Moro alcanza a Andreotti

No he tenido que buscar mucho en mi biblioteca. Aunque la edición data de 1979. Es uno de los libros que suelo tener a mano siempre. En pocos se aprende tanto sobre el arte sinuoso del poder político. Y sobre su crueldad.

Lo escribió Leonardo Sciascia, sobre la marcha misma de los hechos. Los que transtornaron la realidad italiana y determinaron su futuro, en una medida infinitamente más profunda de cuanto quienes los vivieron podían pensar. Y eso que pocas cosas habían vivido los italianos tan trágicamente como esos hechos, desde la caída del fascismo.

Releo, en esa precisa crónica, los hechos. Caso Moro (el título del libro de Sciascia es ése, El caso Moro, sin más, cualquier enfatización sólo hubiera trivializado). 1978. 16 de marzo. Aldo Moro, Presidente del Consejo Nacional de la Democracia Cristiana, es secuestrado. Firman la acción las Brigadas Rojas. Esa misma tarde, Giulio Andreotti somete al Parlamento el nuevo Gobierno de la DC por él presidido. En la conmoción de los instantes que siguen al secuestro, los comunistas y las fracciones disidentes de la izquierda democratacristiana, que habían anunciado el día antes su intención de rechazar a Andreotti, optan por respaldar al nuevo ejecutivo.

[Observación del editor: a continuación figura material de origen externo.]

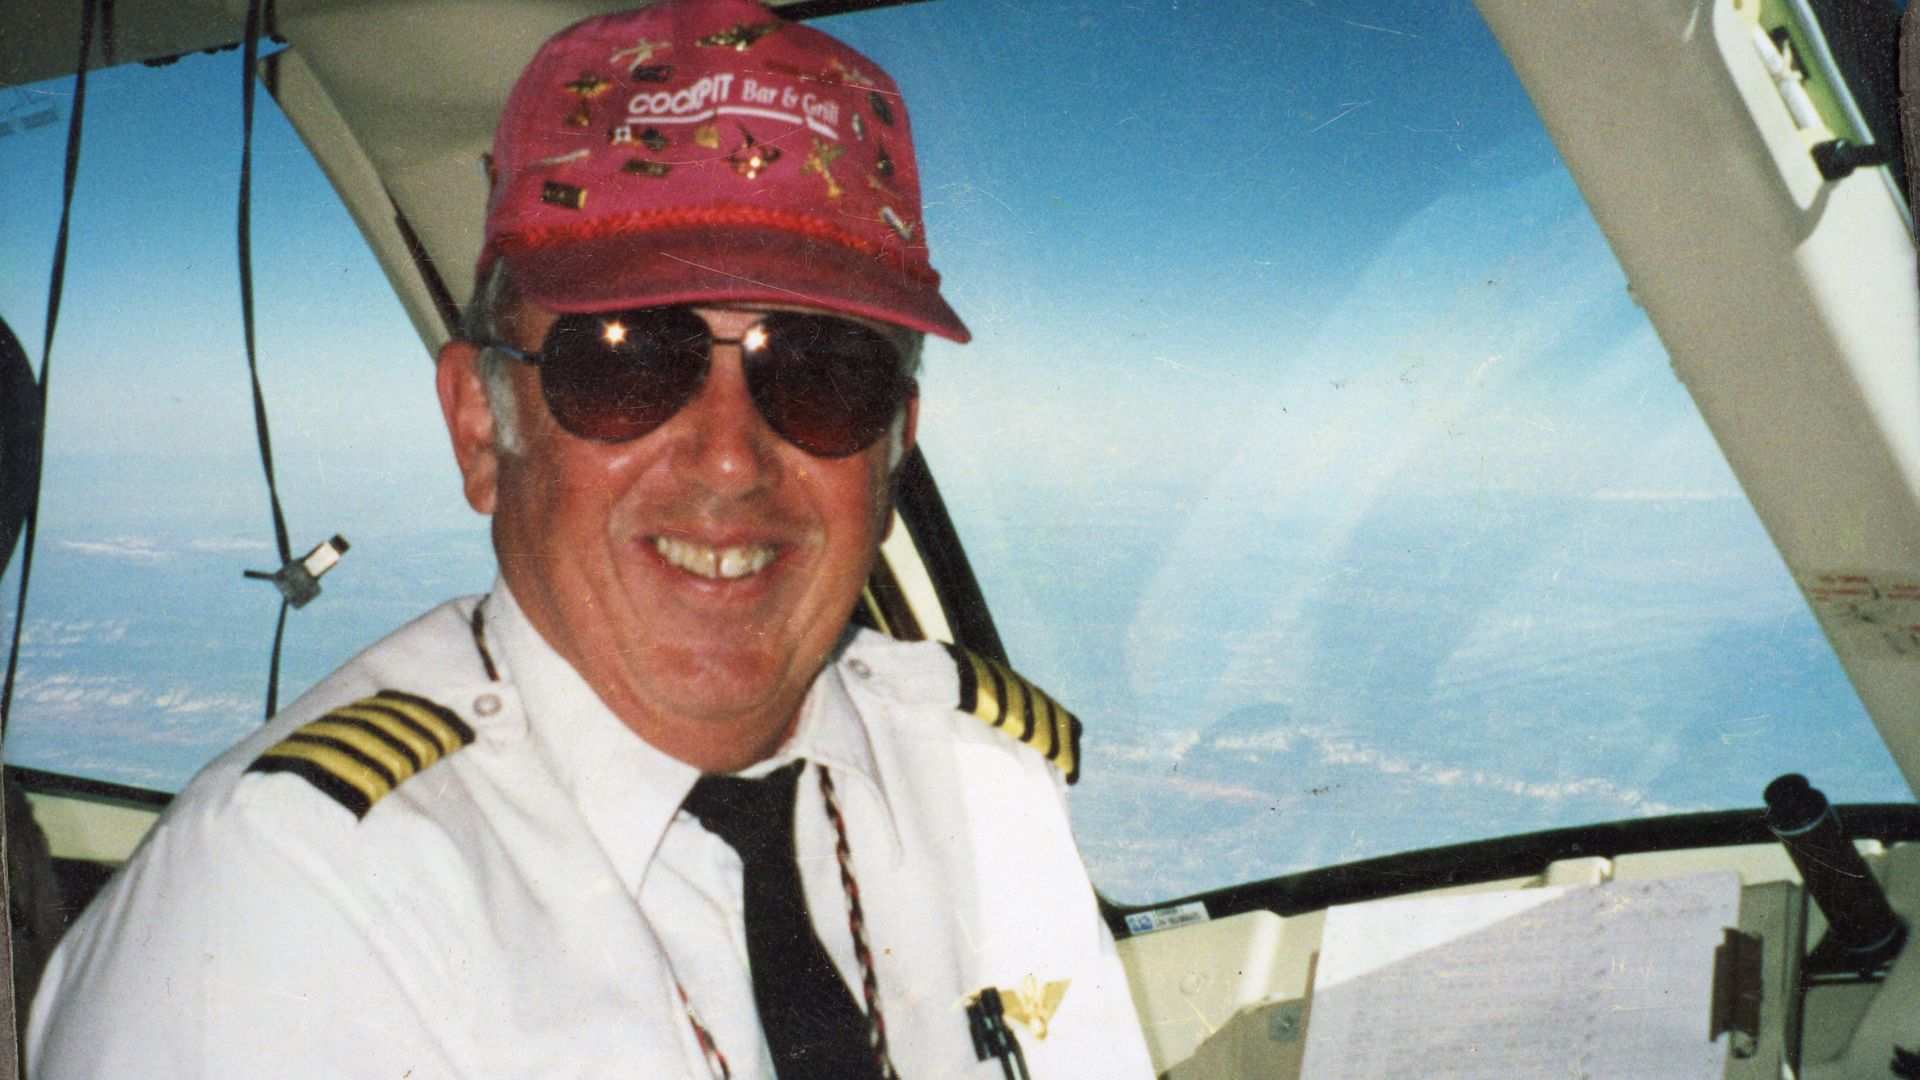 A smiling man in a cockpit, wearing a pilot's uniform and a red baseball cap

Pasan días, semanas, meses. Andreotti, Zaccagnini y Cossiga anuncian su decisión de no aceptar negociación alguna para obtener la liberación del hombre que, entre otras cosas, estaba puliendo el pacto de Estado con el Partido Comunista Italiano. Desde su lugar de encierro, un Moro desgarrado empieza hacer llegar cartas que sus captores dosifican sabiamente. Llama en ellas a sus amigos, a sus casi hermanos de la DC, en especial a los todopoderosos Andreotti, Cossiga y Zaccagnini, a salvar su vida, negociando con los terroristas. Andreotti se mantiene inflexible. Las cartas de Moro toman un tono cada vez más amargo, más desolado, hacia los viejos camaradas en quienes su confianza se va manifiestamente quebrando. La que se recibe el 29 de marzo, aún guarda formas cordiales. Pero es inequívoca en su contraposición a la postura andreottista: “El sacrificio de los inocentes en nombre de un abstracto principio de legalidad, mientras un indiscutible estado de necesidad debería inducir a salvarlos, es inadmisible... Que Dios os ilumine para lo mejor evitando que os hundáis en el fango de un doloroso episodio”. Andreotti y los suyos permanecen inflexibles. Y la carta que se recibe en la redacción de La Repubblica el 4 de abril muestra a un Moro que ve a sus antiguos colegas dirigentes de la DC como enemigos: “Soy un prisionero político a quien vuestra brusca decisión de interrumpir cualquier diálogo... pone en una situación insostenible”. El 24 de abril, Moro está ya convencido de que Andreotti ha apostado por su muerte. Fija una condición para sus funerales: “Por una evidente incompatibilidad, pido que en mis funerales no tomen parte ni las autoridades del Estado ni miembros del partido. Pido que me sigan tan sólo aquellos pocos que verdaderamente me quisieron y, por ello, merecen acompañarme con sus oraciones y su amor”. El 27, la familia de Moro responsabiliza a la dirección de la DC del inminente asesinato que no mueve un dedo para detener. Entre el 27 y el 30 de abril, Aldo Moro redacta su carta testamentaria, dirigida a la que va a ser su viuda. En ella se halla la terrible descripción de su muerte como un “asesinato de Estado”. También la inequívoca carga de responsabilidades sobre los líderes demócrata-cristianos: “Mi sangre caerá sobre ellos”. 9 de mayo, el cadáver de Aldo Moro es encontrado en el maletero de un coche, aparcado a mitad de camino entre las sedes del PCE y la Democracia Cristiana en Roma.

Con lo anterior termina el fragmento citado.